Как правило, эти конфликты имеют формы войны «государства» против «сепаратистов». Причем государство в этом случае обычно представляет не всю «нацию», от имени которой формально выступает, а какое-то одно конкретное сообщество. Чаще государство фактически опирается на большинство (в Турции это турки, в Ираке — шииты, в Китае — ханьцы, в Алжире — арабы etc.), но иногда — на меньшинство (алавиты в Сирии, сунниты в Бахрейне и в Ираке в эпоху Хусейна etc.) В любом случае государство, которое де-факто представляет лишь одно сообщество, стремится более или менее радикально подавить другие сообщества («сепаратистов» и «террористов») и доминировать над ними.

Борьба «сепаратистов» против «государства» за независимость может быть мирной: Каталония vs Испания; Шотландия vs Великобритания; Квебек vs Канада. Но гораздо чаще она становится вооруженной: Палестина vs Израиль; Чечня vs Россия; «Большой Курдистан» vs Турция, Сирия, Ирак, в недалеком прошлом — Иран; Тамил-Илам vs Шри Ланка; Тибет, Синьцзян vs Китай; Кашмир, Пенджаб vs Индия; Дарфур vs Судан; Азавад vs Мали etc. Формы этой вооруженной борьбы — разные: «большая война» армий, партизанский бандитизм, терроризм, городская герилья, карательные рейды, этнические чистки и депортации, геноцид и т. д.

Порой официальные власти побеждают «сепаратистов» военным путем (так были ликвидированы самопровозглашенные государства Биафра, Тибет, Чечня-Ичкерия, Тамил-Илам etc.) Но, как правило, война на этом не заканчивается, а просто переходит в другую фазу. Сепаратисты организуют свои правительства за границей, продолжают локальную партизанскую борьбу, объявляют себя сторонниками международных экстремистских структур (обычно исламистских, если речь идет о сепаратизме территорий, населенных в большинстве мусульманами) и стараются получить помощь извне.

Очень часто борьба «государства» с «сепаратистами» или «террористами» имеет форму схватки разных сообществ (этнических и этноконфессиональных) за контроль над столицей и центральным правительством. Так происходило и происходит во многих странах Африки (Ангола, Зимбабве, ЦАР, Руанда etc.) и Азии (Афганистан, Ирак, Сирия etc.)

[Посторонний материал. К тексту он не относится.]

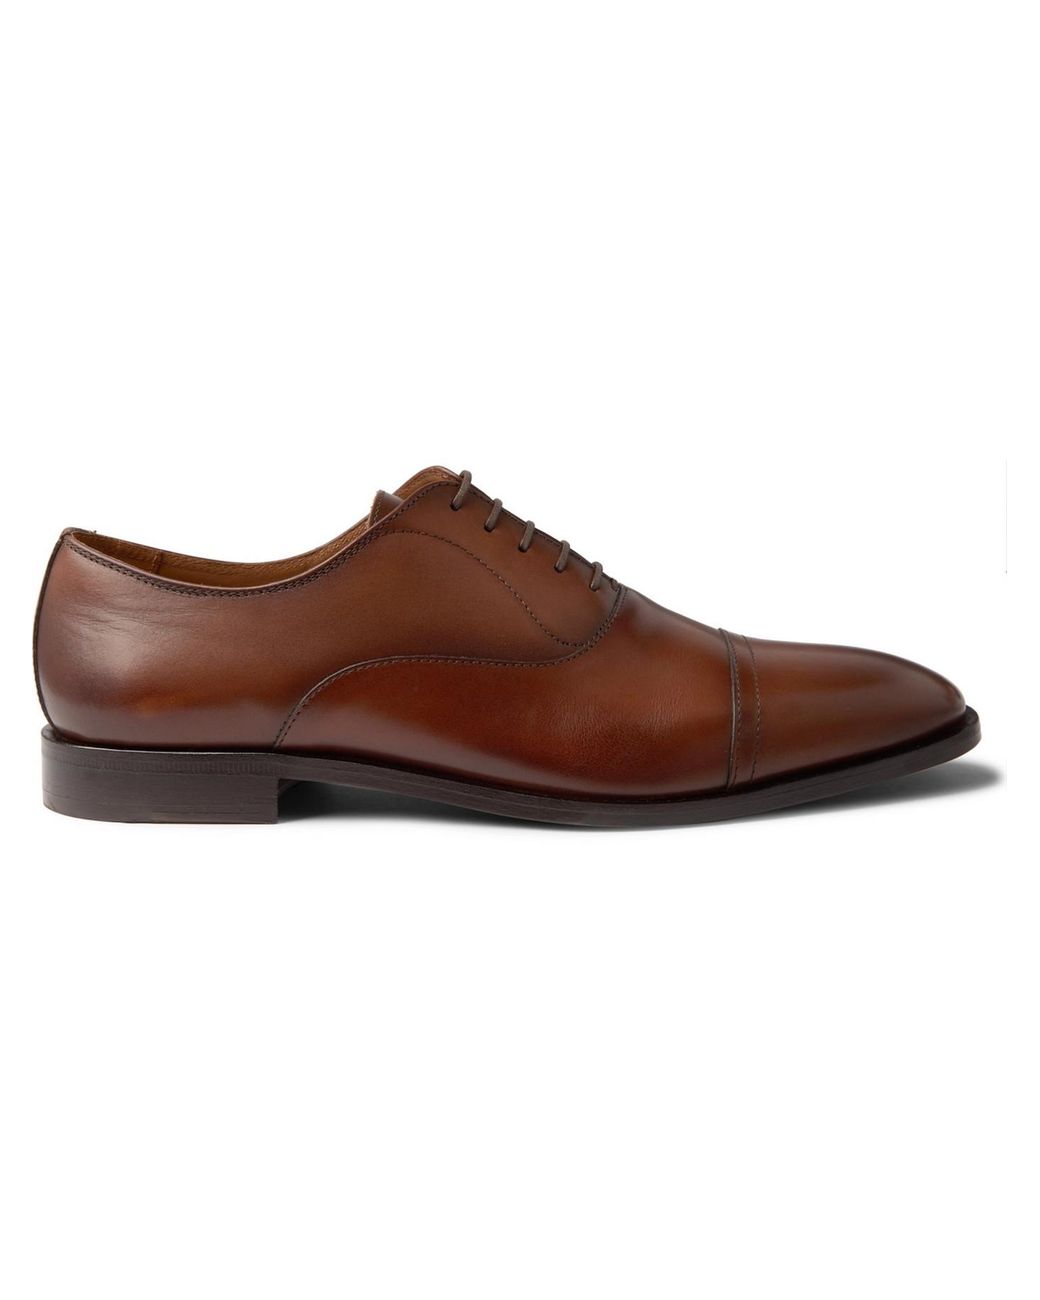 BOSS by HUGO BOSS Lisbon Lace Up Shoes in Brown for Men Mens Shoes Lace-ups Oxford shoes

Но даже в тех случаях, когда борьба идет за «контроль над столицей», а не за сецессию, все равно в основе такого конфликта лежит латентный сецессионизм (сепаратизм). А точнее, стремление к размежеванию различных сообществ, которые оказались в границах одного государства, но при этом не чувствуют себя родственными ни в гражданско-культурном, ни в политико-культурном отношениях — и по этой причине не хотят зависеть друг от друга, а стремятся либо доминировать, либо отделиться.

Проклятие границ, навязанных «сверху»

Причина огромного числа внутригосударственных межгрупповых конфликтов — в том, что современный мир в правовом отношении основан на двух абсолютно противоречащих друг другу принципах. С одной стороны, это принцип демократический: «право народов на самоопределение». С другой, это принцип авторитарный: право уже существующих государств — членов ООН («наций») на целостность своей территории и суверенитет.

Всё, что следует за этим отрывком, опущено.